Given data:
###

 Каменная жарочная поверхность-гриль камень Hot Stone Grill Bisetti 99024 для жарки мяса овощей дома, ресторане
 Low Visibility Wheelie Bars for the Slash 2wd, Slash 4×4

###

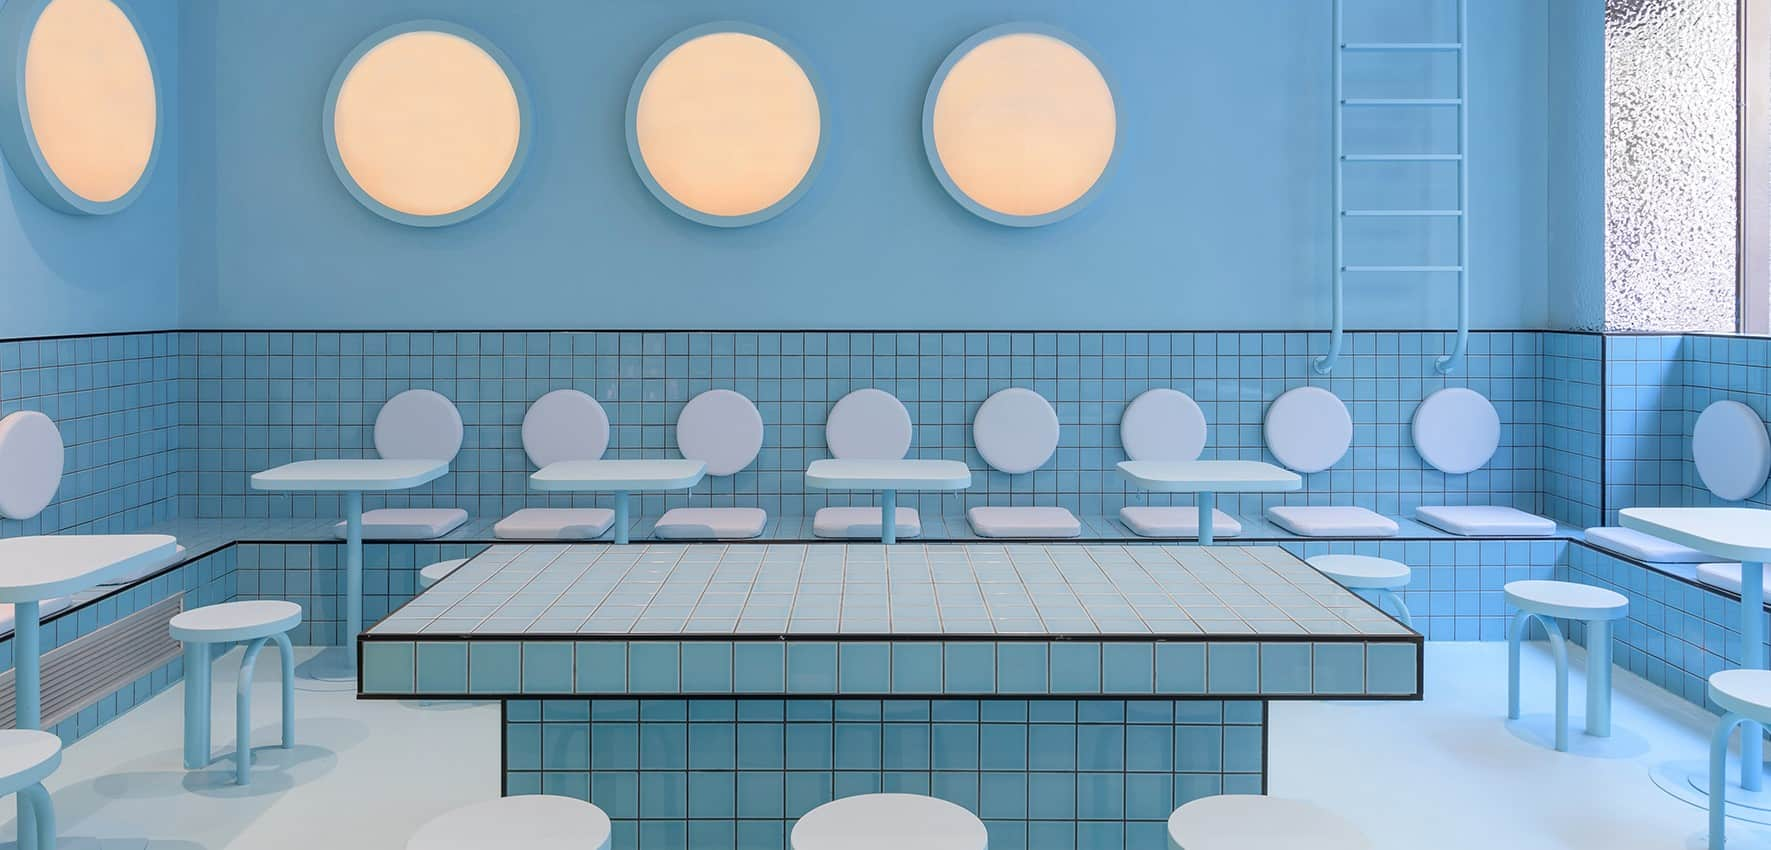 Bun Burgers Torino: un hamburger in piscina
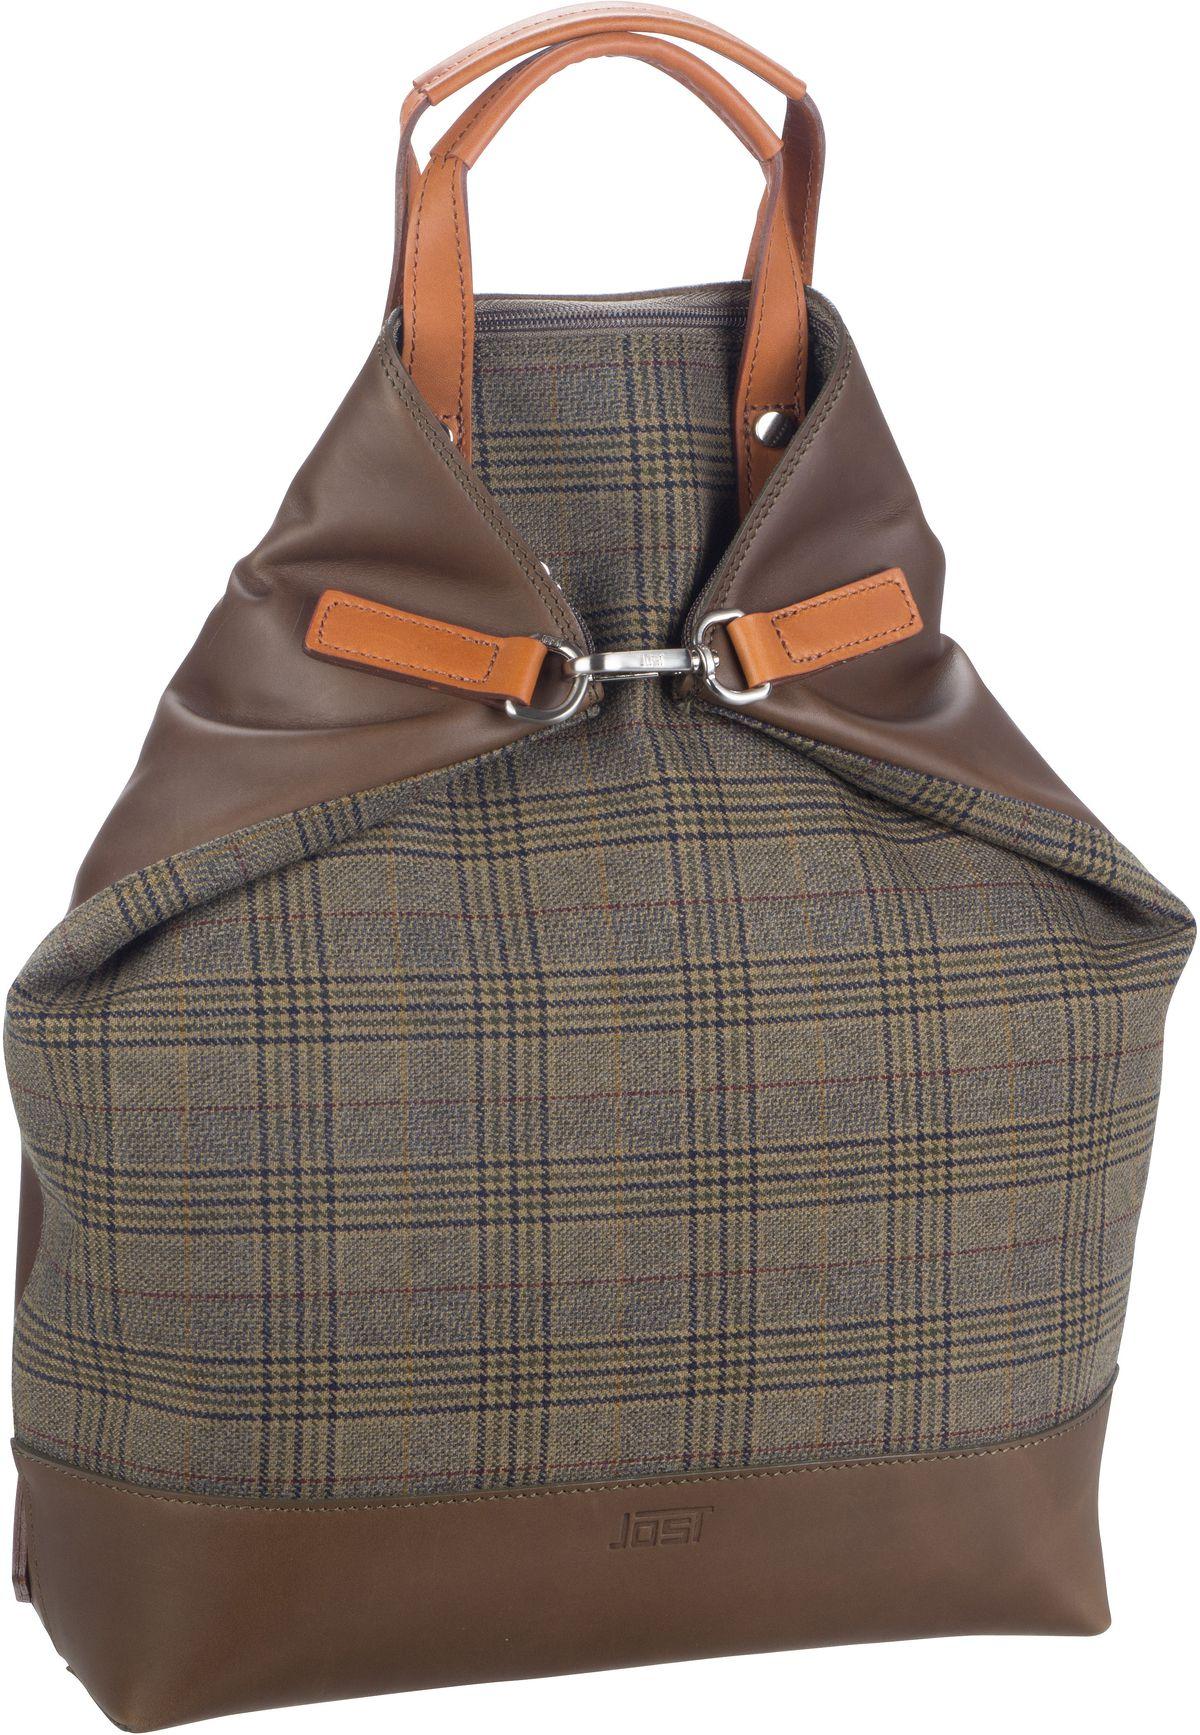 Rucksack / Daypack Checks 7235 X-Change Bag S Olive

###

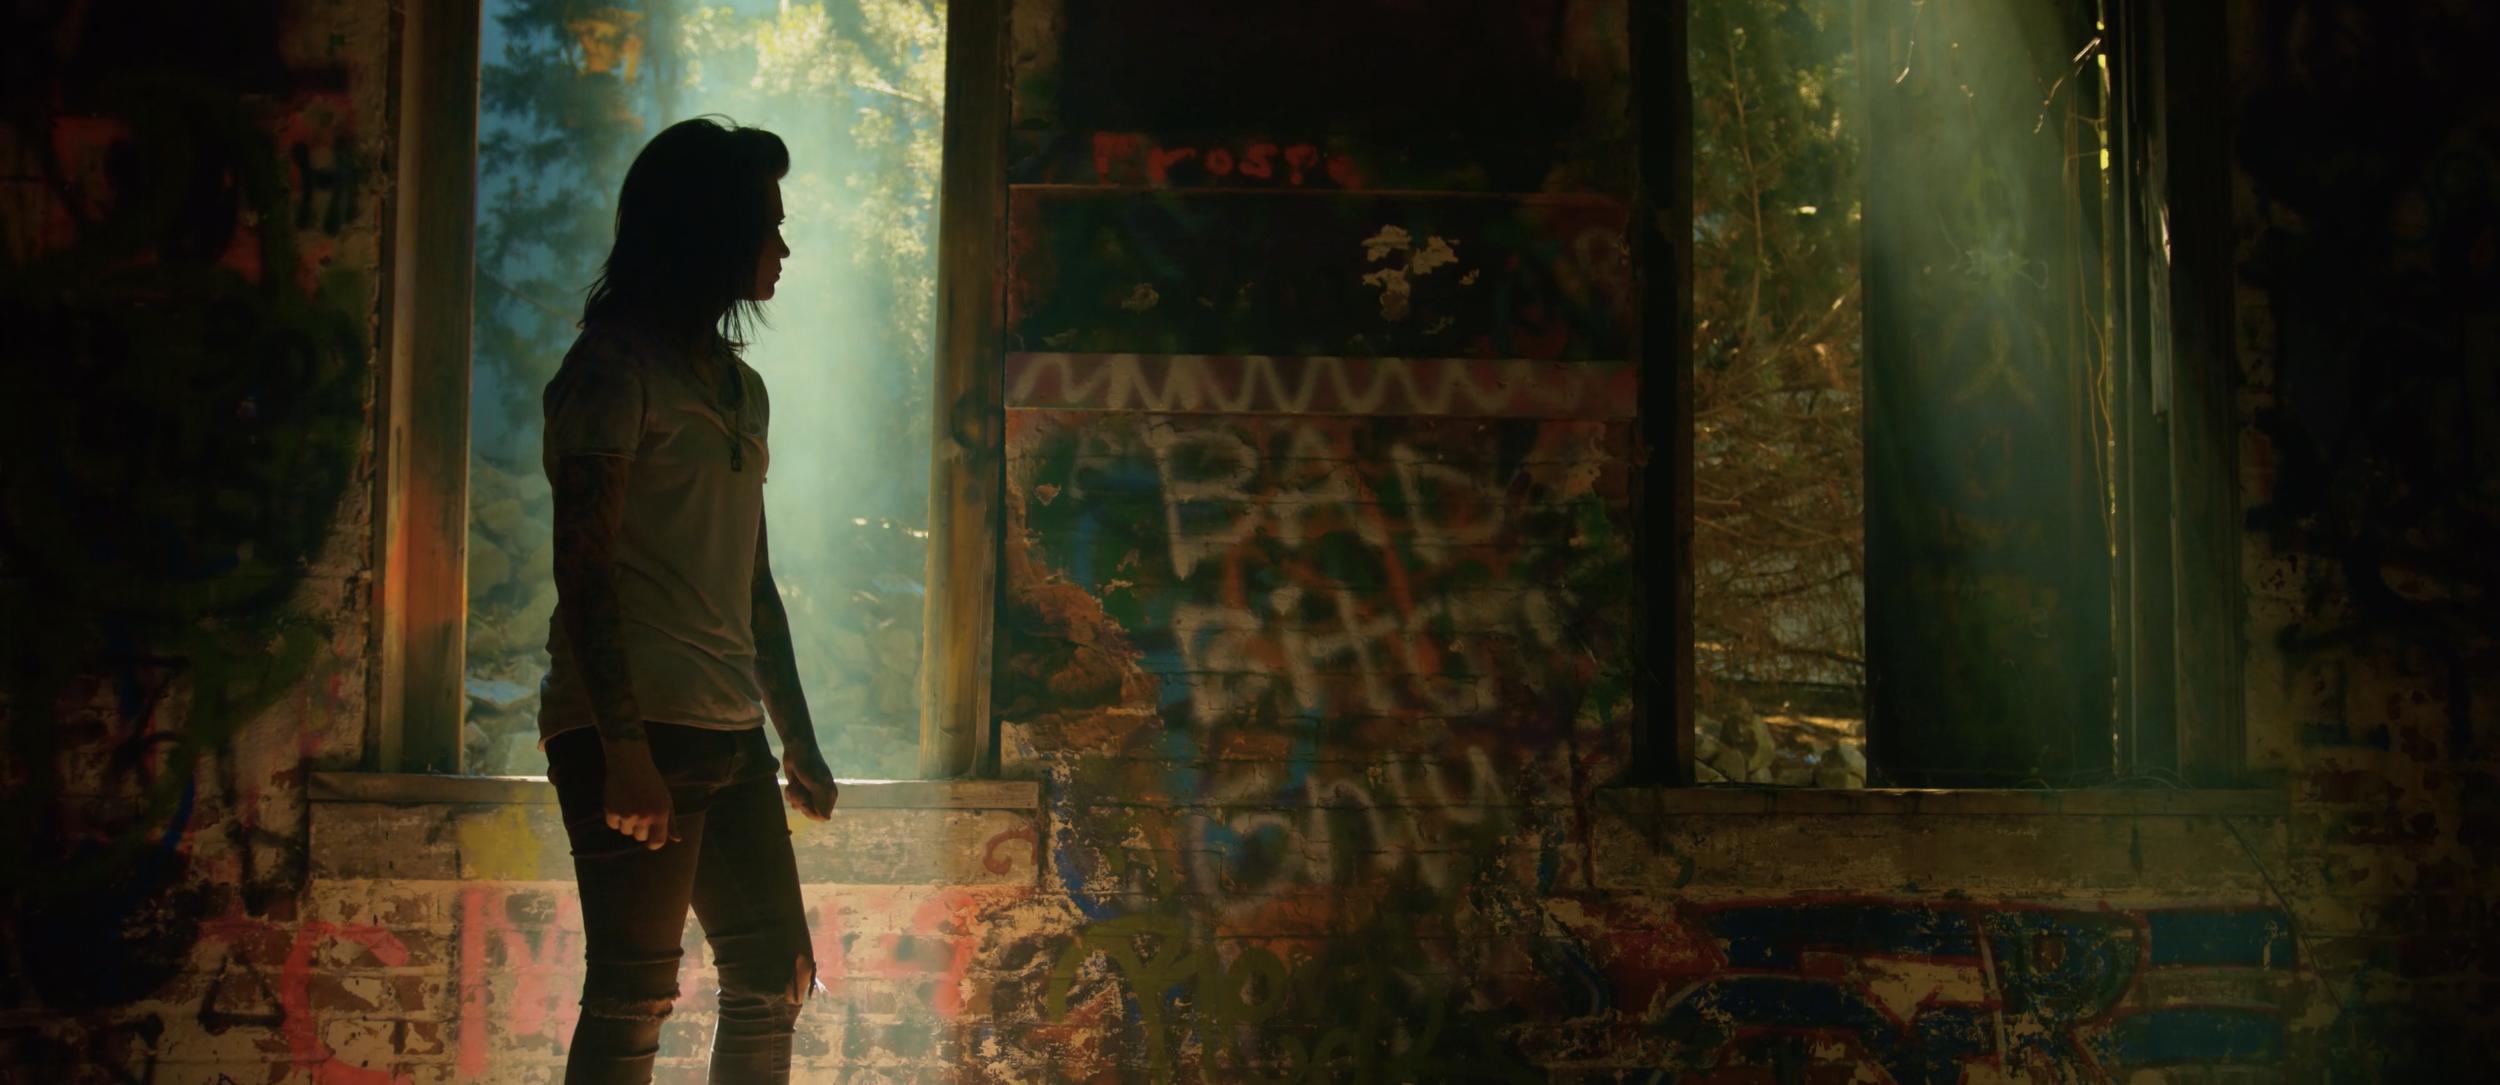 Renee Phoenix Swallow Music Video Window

###

Aim of the exercise: Look through the data above and return exactly the lines from the one that contains "Каменная жарочная поверхность-гриль" to the one that contains "Low Visibility Wheelie", inclusive, with nothing else.

Your solution:
 Каменная жарочная поверхность-гриль камень Hot Stone Grill Bisetti 99024 для жарки мяса овощей дома, ресторане
 Low Visibility Wheelie Bars for the Slash 2wd, Slash 4×4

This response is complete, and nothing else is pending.